§ **DATASET CONTENT**
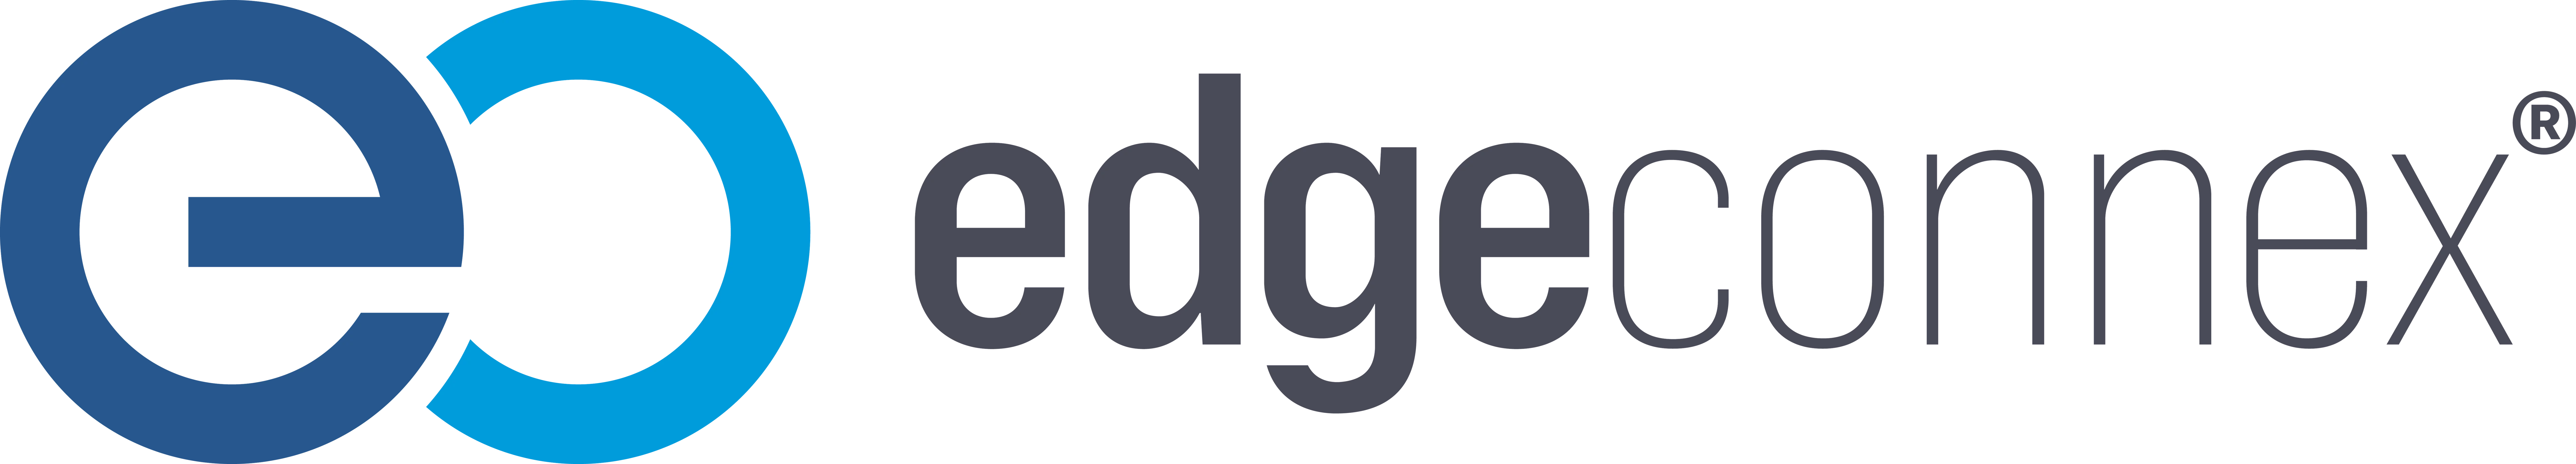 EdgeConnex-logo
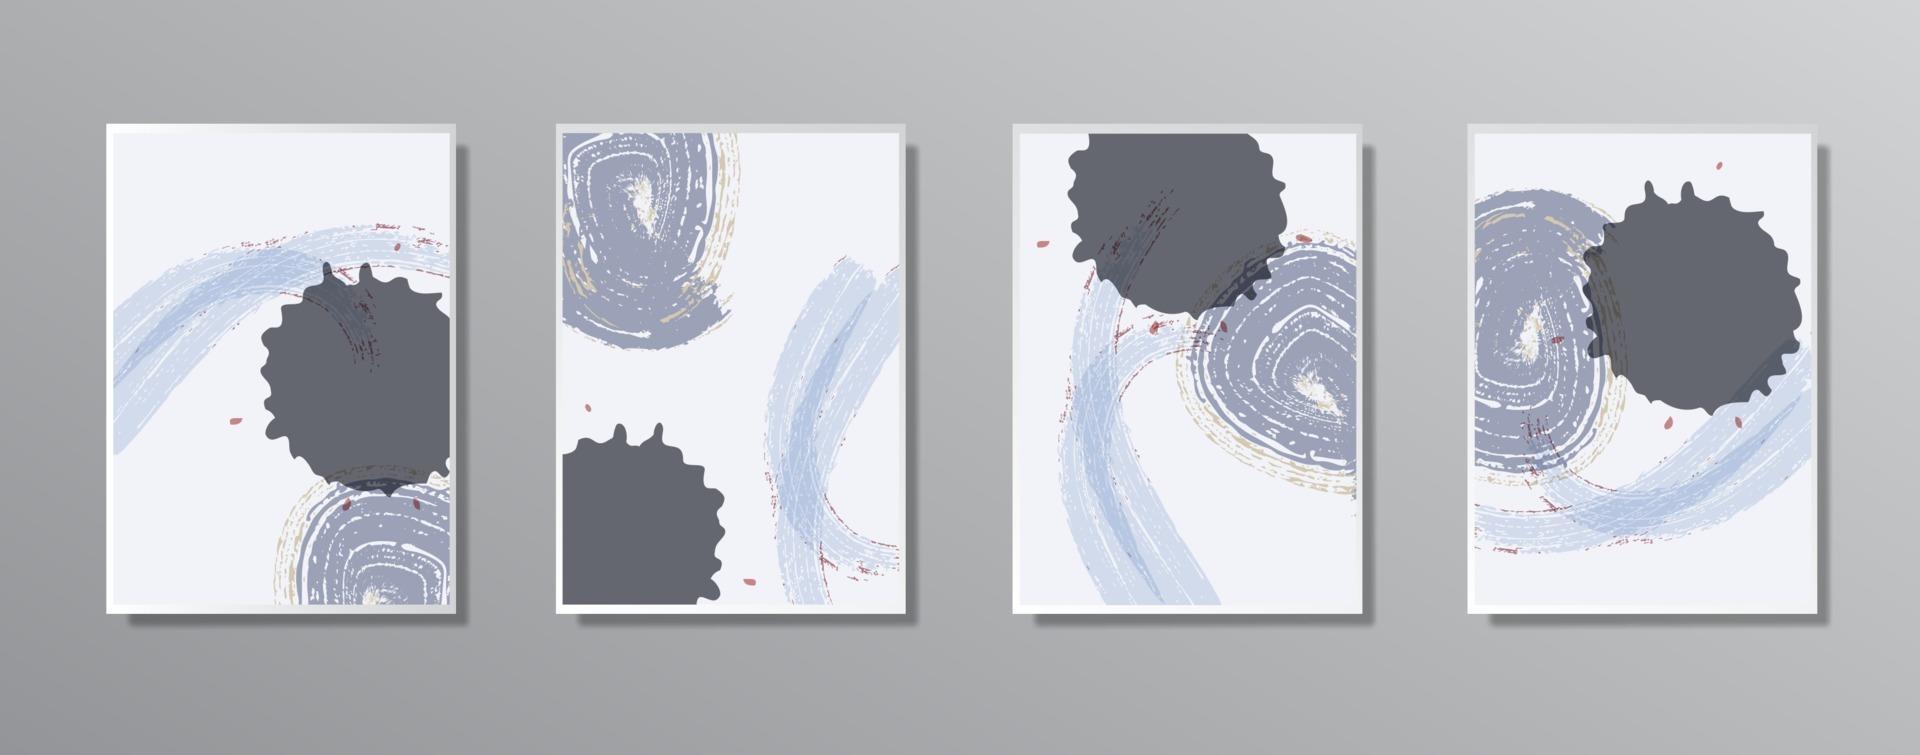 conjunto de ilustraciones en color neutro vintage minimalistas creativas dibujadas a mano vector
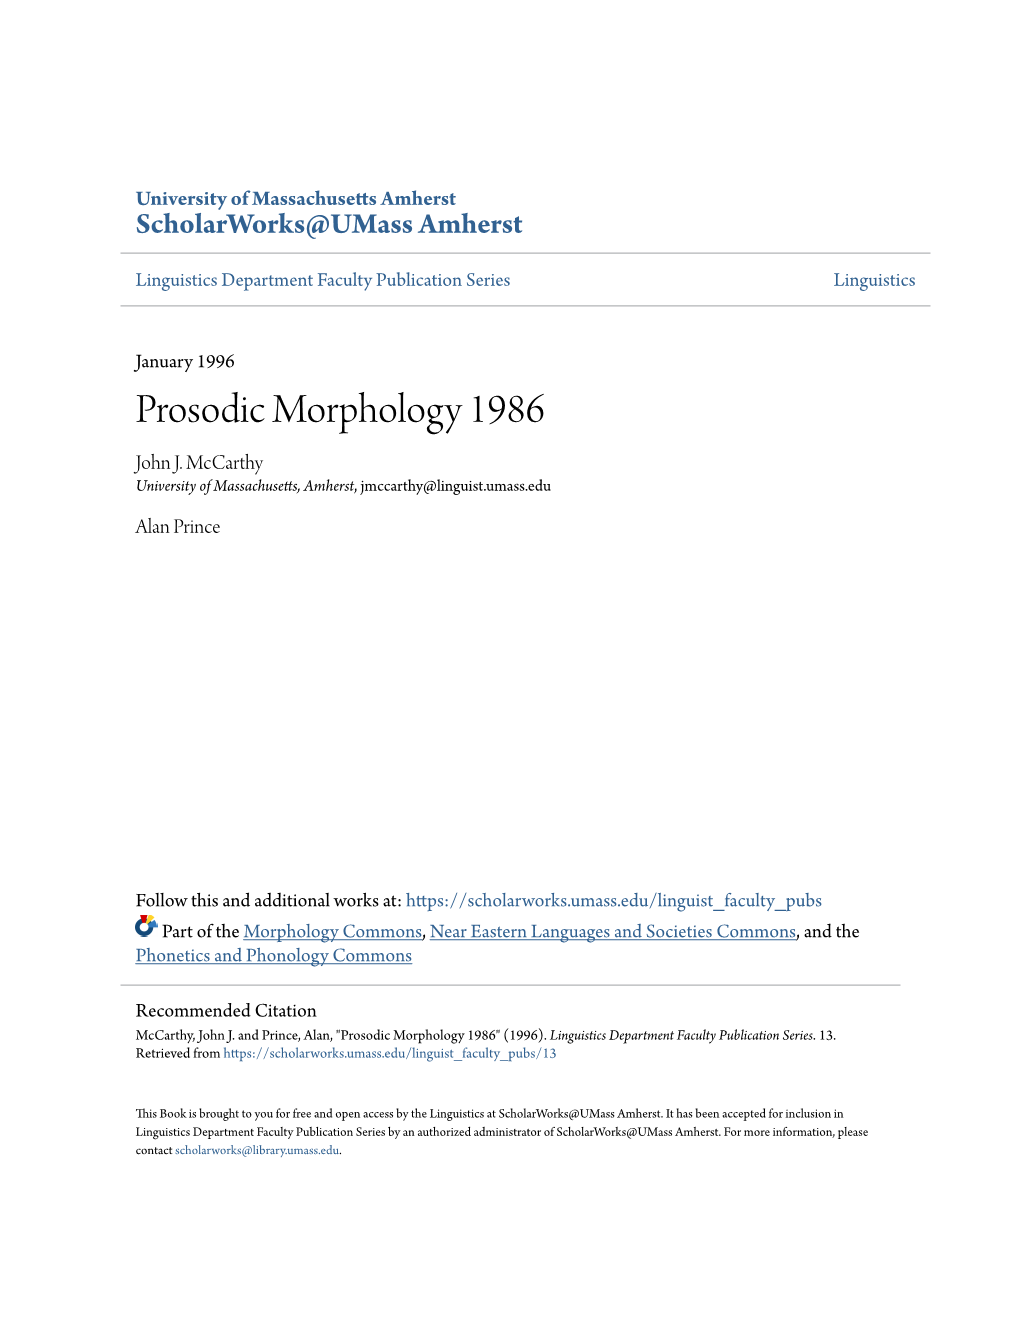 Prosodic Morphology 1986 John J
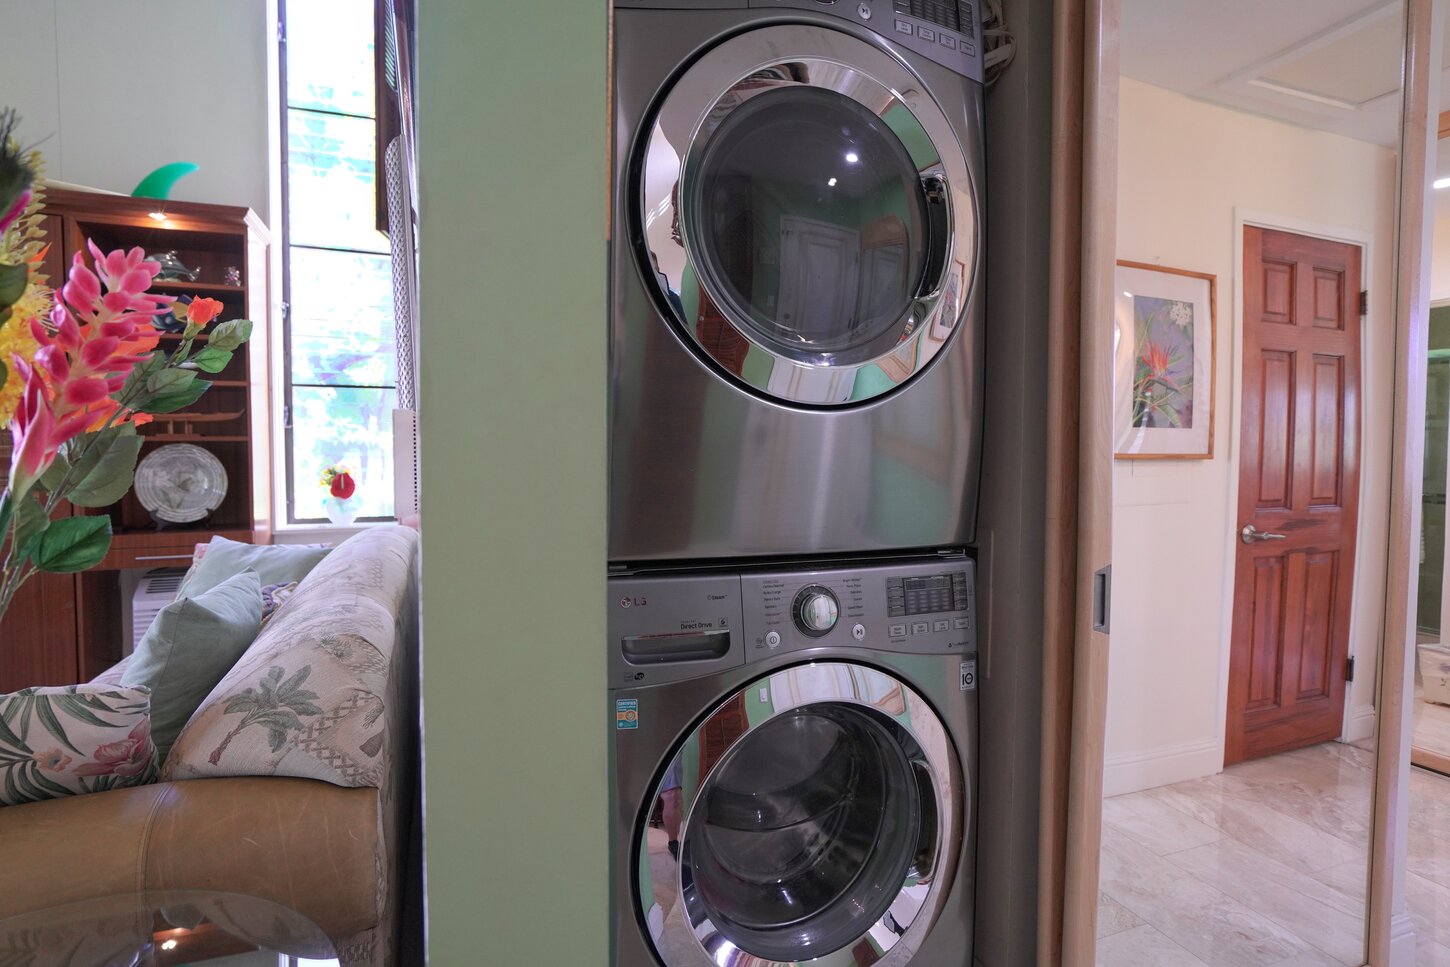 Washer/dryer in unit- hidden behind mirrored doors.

§ **PROMPT**
Transcribe all of the data above verbatim but omit every picture.

§ **TASK RESULT**
 EdgeConnex-logo
 conjunto de ilustraciones en color neutro vintage minimalistas creativas dibujadas a mano vector
 Prosodic Morphology 1986 John J
 Washer/dryer in unit- hidden behind mirrored doors.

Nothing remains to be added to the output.